To surrender himself to the law, to face trial and imprisonment, was out of the question. Let the law put its hand on his shoulder-if it could! But at present he was at liberty, and he purposed to remain in that state. His conscience never told him to go back and take his punishment; it tortured him only in regard to the deed itself. He had tossed an honoured name into the mire; he required no prison bars to accentuate this misery.
Something, then, to appease the wrath of God; something to blunt this persistent agony. It was not necessary to appease the wrath of human society; it was necessary only to appease that of God for the broken Commandment. To divide the agony into two spheres so that one would mitigate the other. In fine, to marry Ruth (if she would consent) as a punishment for what he had done! To whip his soul so long as he lived, but to let his body go free! To provide for her, to work and dream for her, to be tender and thoughtful and loyal, to shelter and guard her, to become accountable to God for her future.

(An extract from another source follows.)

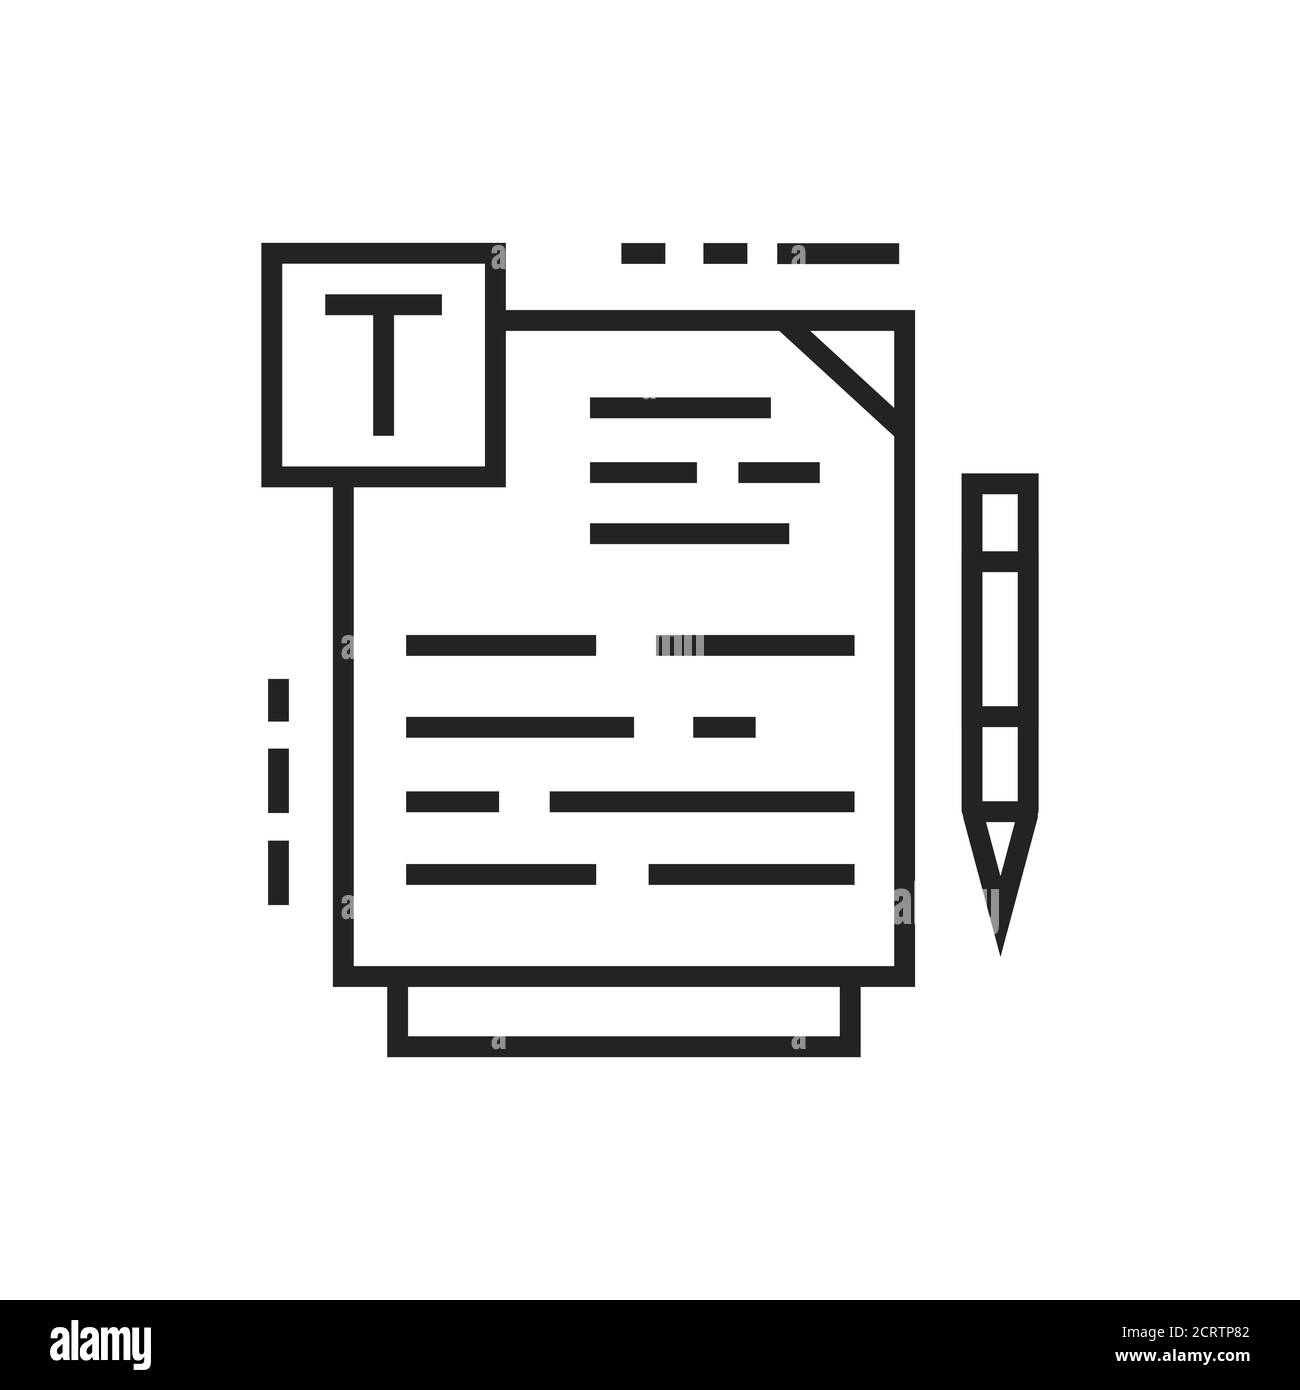 Course material black line icon. Online course learning exam. Training programs, courses and lectures. Pictogram for web page, mobile app. UI UX GUI Stock Vector

It was the sing-song girl idea, magnified many diameters. In this hour its colossal selfishness never occurred to him.
So, then, when McClintock offered the coveted haven, Spurlock became afire to dramatize the idea.
"Ruth!"
She had gone to the door, aimlessly, without purpose. All the sombre visions she had been pressing back, fighting out of her thoughts, swarmed over the barrier and crushed her. She did not want to go to the doctor's people; however kindly that might be, they would be only curious strangers. She would never return to her father; that resolution was final. What she actually wanted was the present state of affairs to continue indefinitely.
That is what terrified her: the consciousness that nothing in her life would be continuous, that she would no sooner form friendships (like the present) than relentless fate would thrust her into a new circle. All the initial confidence in herself was gone; her courage was merely a shell to hide the lack. To have the present lengthen into years!